__AVAILABLE DATA__.

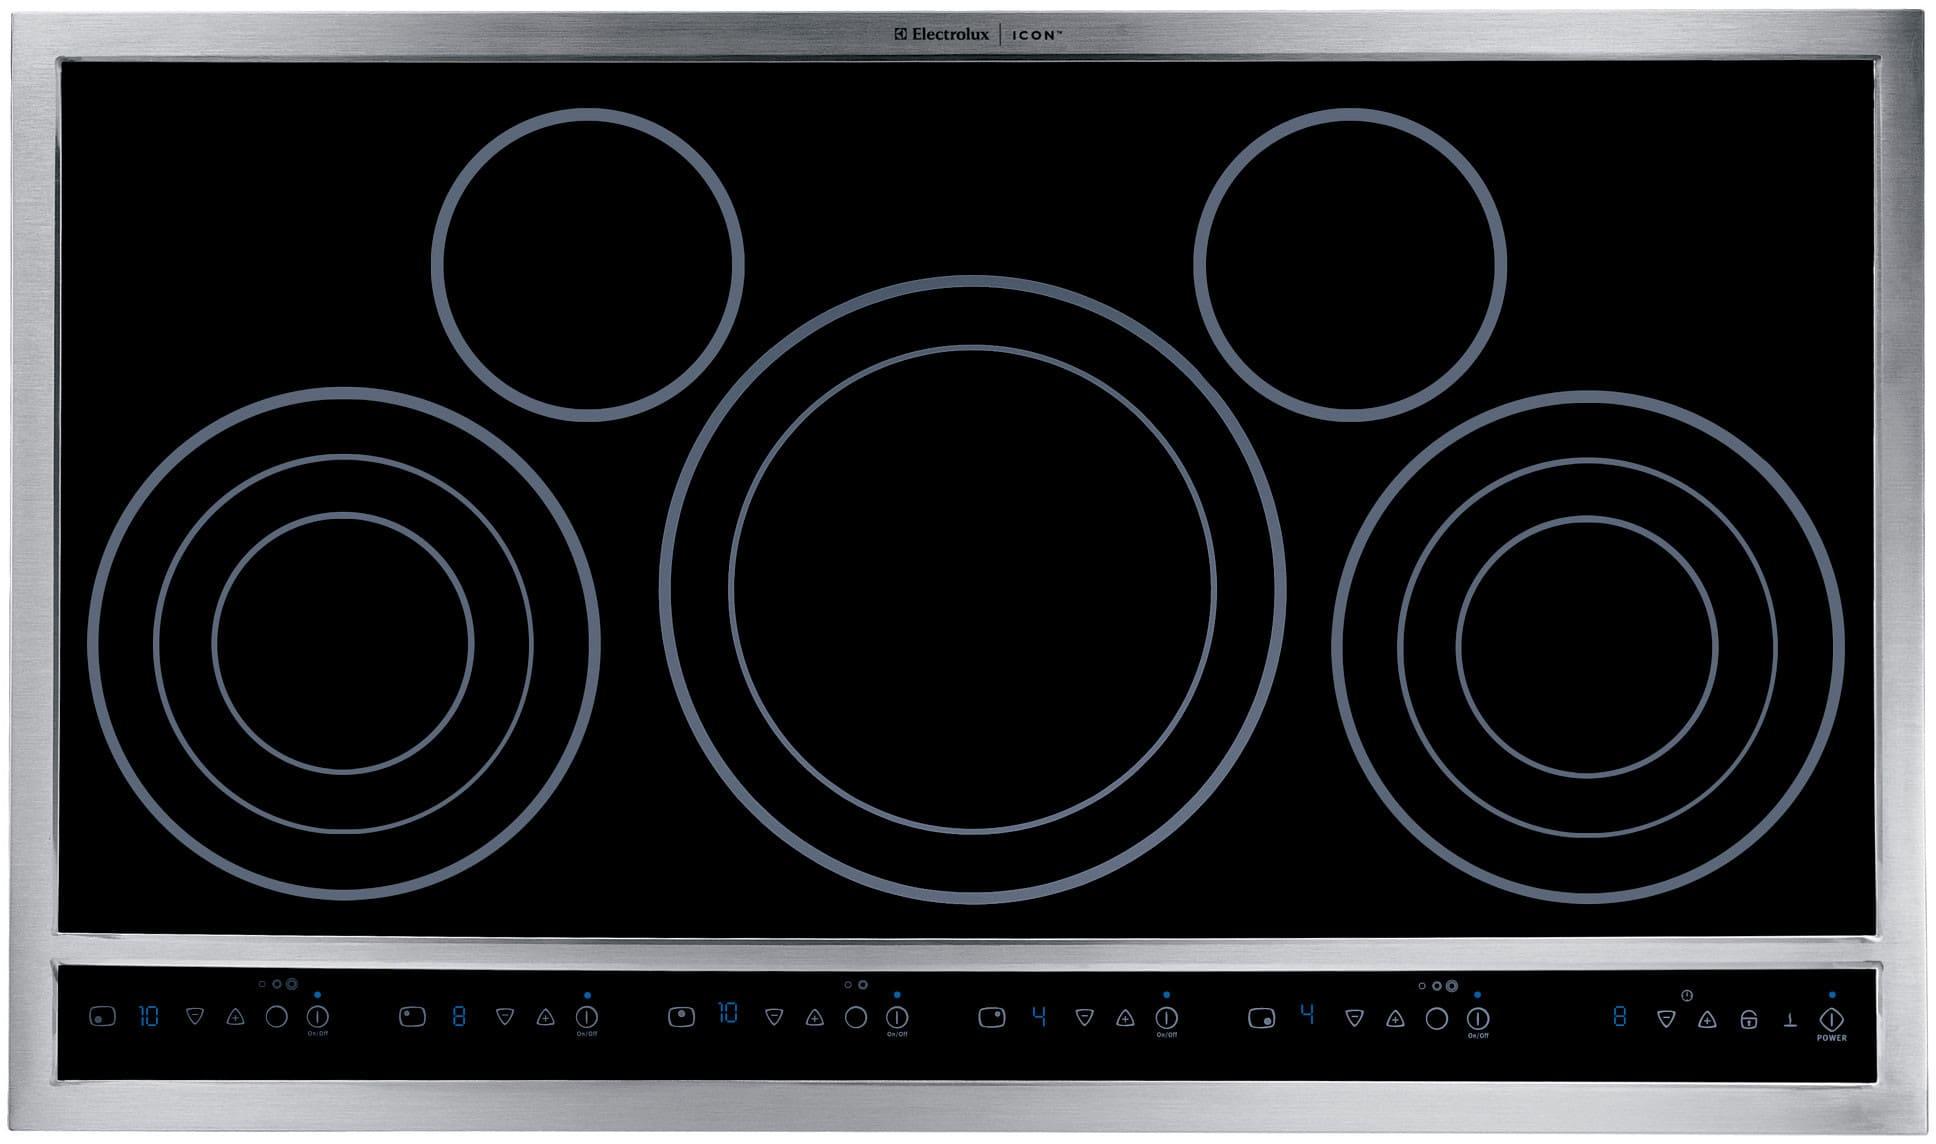 Electrolux E36ec70fss 36 Inch Drop In Electric Cooktop
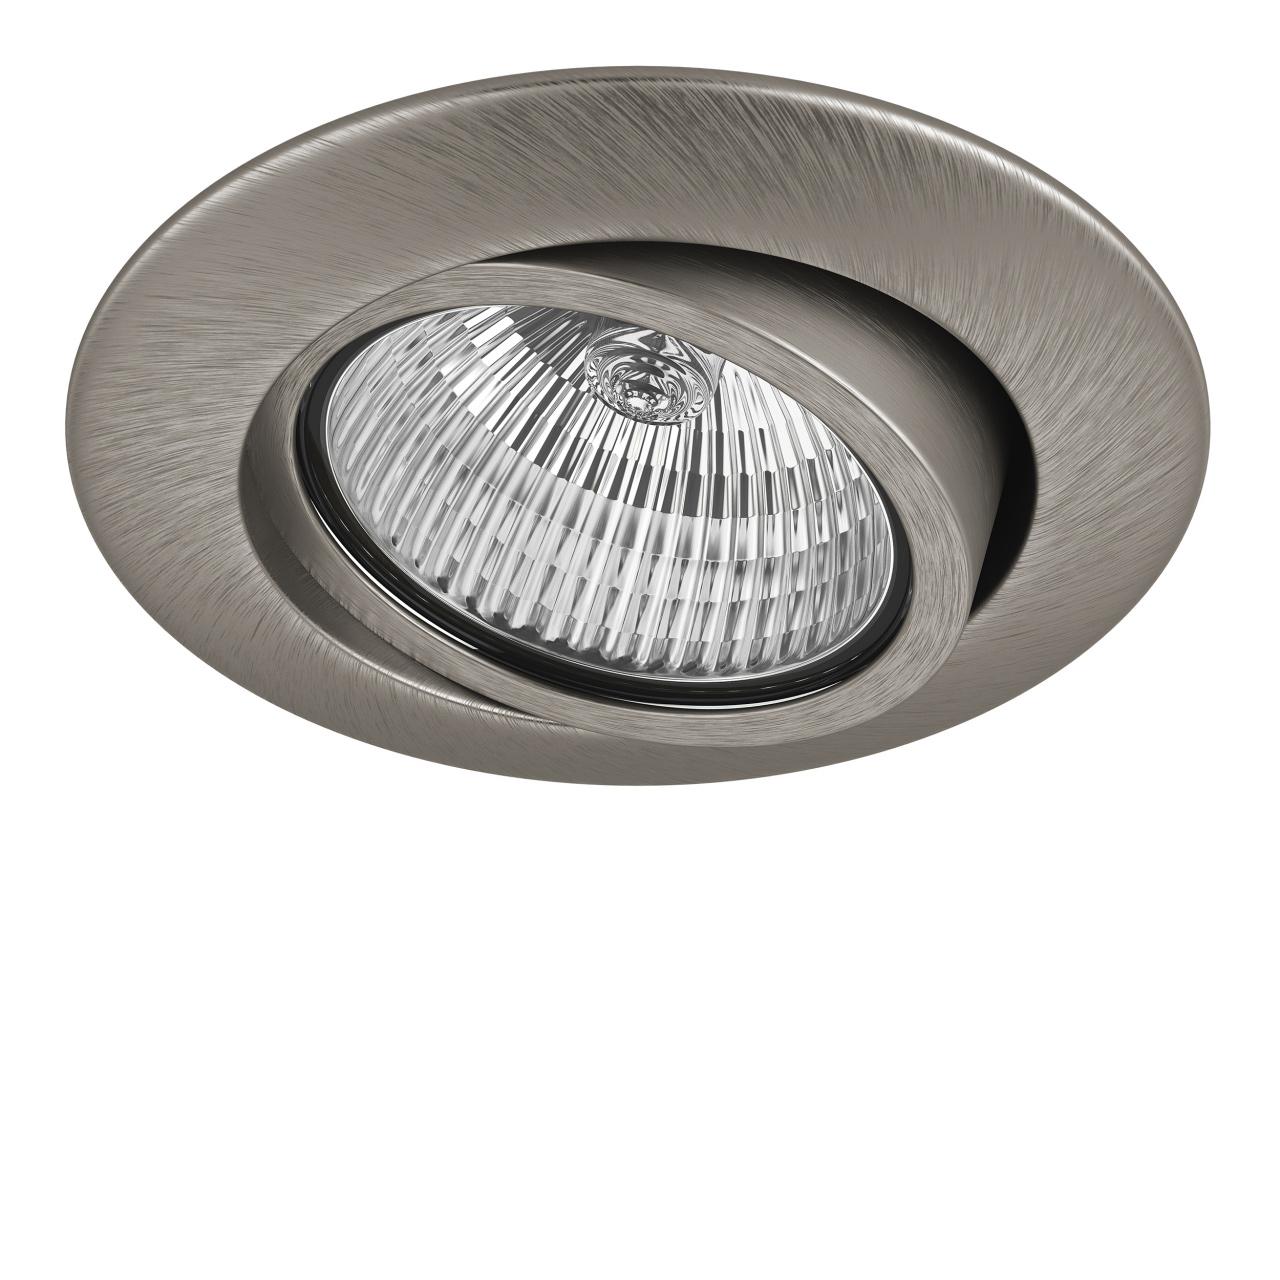 Светильник Teso ADJ MR16 / HP16 никель Lightstar 011085
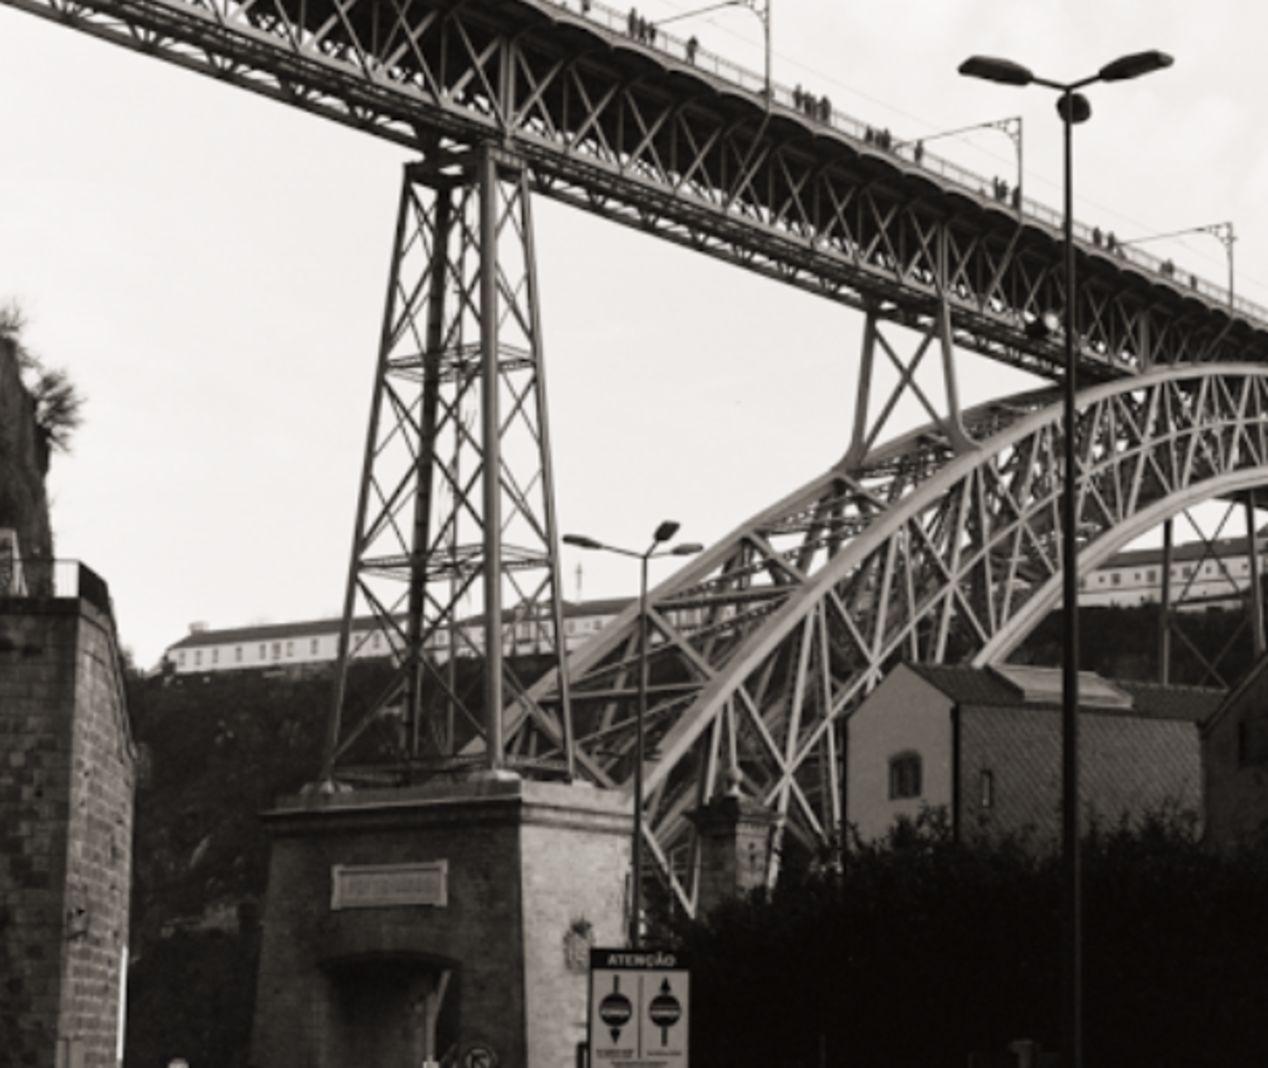 Ponte D. Luís I. Olympus OM-10, 50mm.
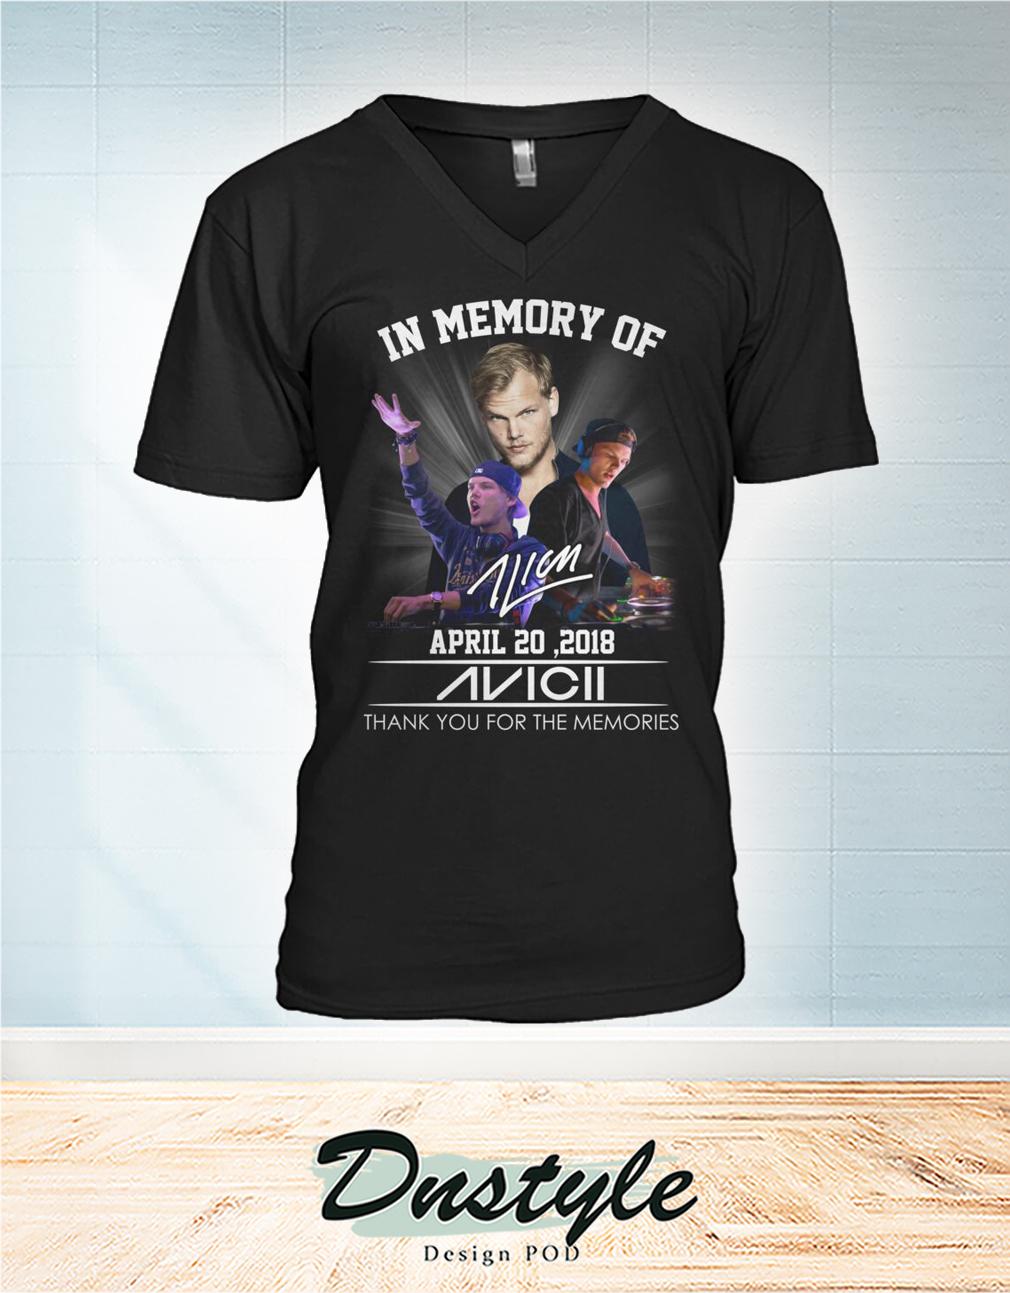 In memory of Avicii april 20 2018 thank you for the memories v-neck

__EXERCISE DETAILS__. From the line containing "Светильник Teso ADJ" through the last line of the listing, inclusive, transcribe every line exactly and nothing else; the pictures stay out.

__RESPONSE AREA__.
 Светильник Teso ADJ MR16 / HP16 никель Lightstar 011085
 Ponte D. Luís I. Olympus OM-10, 50mm.
 In memory of Avicii april 20 2018 thank you for the memories v-neck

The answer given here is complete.